The next night we went to l'Isola. We were trying to find other restaurants but having troubles locating them. This place was very nice. Very dark. Again the waitstaff was wonderful. As I'm finding repeatedly here, if you falter it all in French, they quickly speak English. I will keep trying! I had Caprese salad which was fantastic! The cheese was delicious.  My husband had a pasta Bolognese and I had the spinach ravioli. Again, I realize you don't come to the Caribbean island to eat Italian food. However, my family is Italian and I realize I am a particularly harsh critic when it comes to sauce and pasta. Both dishes were okay at best. For dessert, I had the panna cotta with berries.  My husband had their chocolate cake. Both were fantastic.

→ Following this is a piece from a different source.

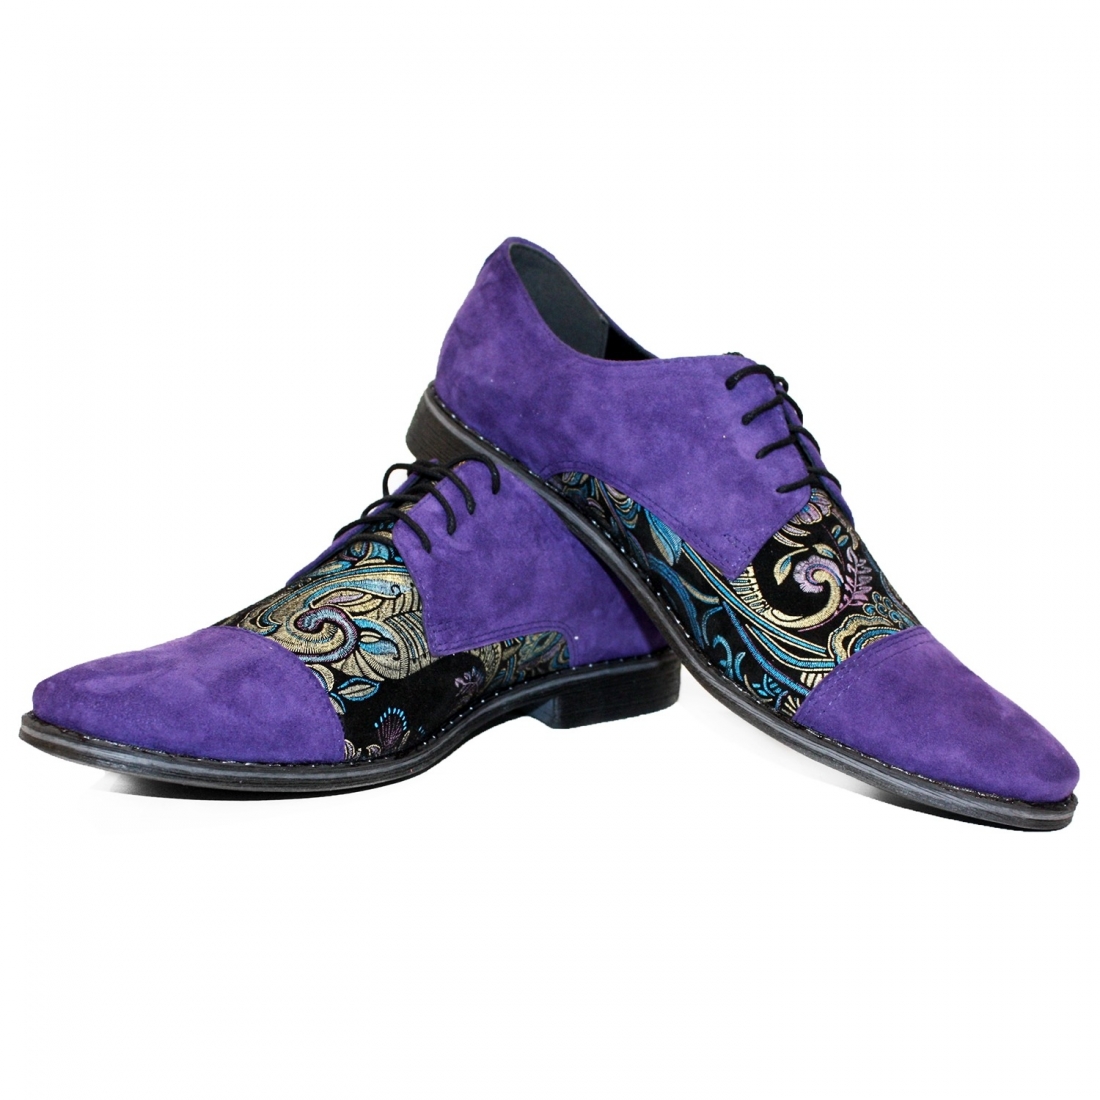 Modello Fioletto - Buty Klasyczne - Handmade Colorful Italian Leather Shoes
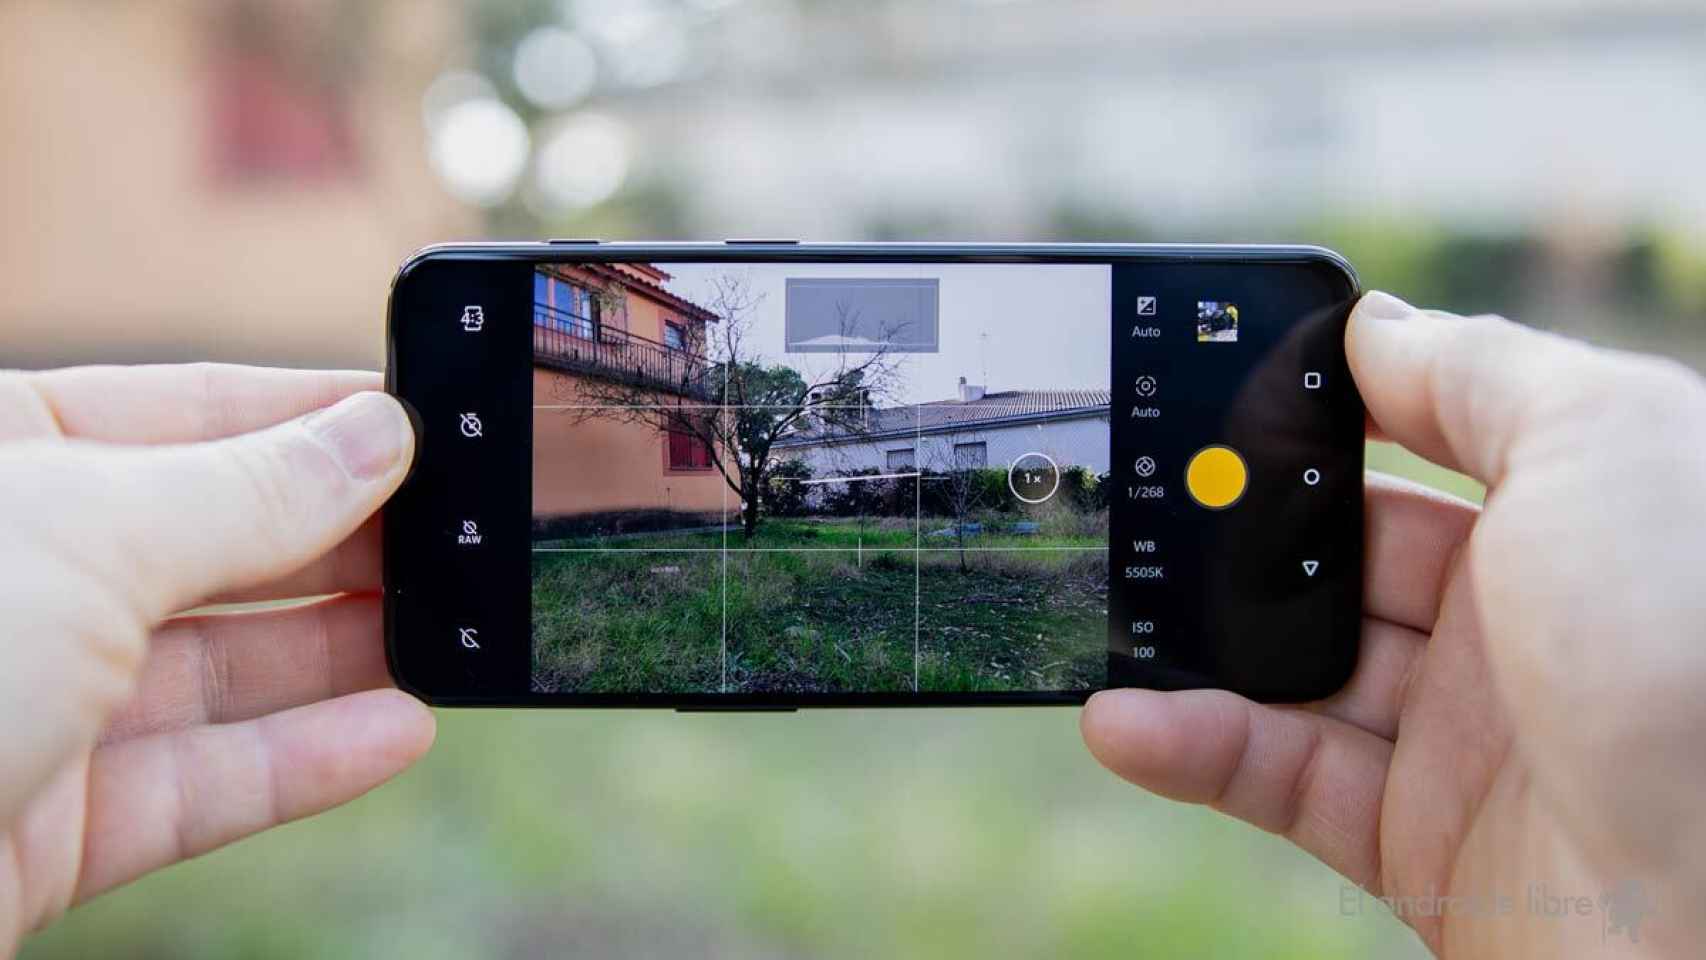 Polémica en un concurso de OnePlus: falsifica una foto robada y gana

yesterday we returned to the bakery. We had to have those almond croissants again. Again, they were outstanding. The crispy edges are the best!. We also tried a few of their pastries. Each was better than the next. They had some sort of chocolate cream pastry with a cookie base that was out of this world.  We again had their sandwiches at the beach for lunch.


We tried to find Nikki Beach last night but couldn't. Instead, we tried Gustav's. It was almost entirely locals there. One waitress spoke a bit of English. We both managed to get by.  They were not terribly friendly as a whole but we're certainly attentive enough. They had a mango drink that was wonderful. Very refreshing. I ordered a Greek hamburger. My husband had a bacon cheeseburger. Both could've been cooked a minute or two longer but otherwise were delicious and juicy. 

We are going to try to find Nikki Beach again today. 


Beaches:

So far we have tried Flamands, Saline, Colombier, Governeur, and Shell Beach. I love Flamands for the wide beach and fun waves. The water is crystal clear. It also happens to be right off our deck. All of those things make it very hard to beat.

Saline it was beautiful as well. Only later did I remember hearing that it's one of the entirely nude beaches. I had no idea where to look! So I kept my eyes on the water. LOL

Gov was also quite fun. There were several families there. The drop off is fairly quick. It was really fun looking for shells though.

Colombier was the calmest of the beaches we've been to so far. It was much more like the Caribbean beaches we are used to. Certainly it was worth the hike there. 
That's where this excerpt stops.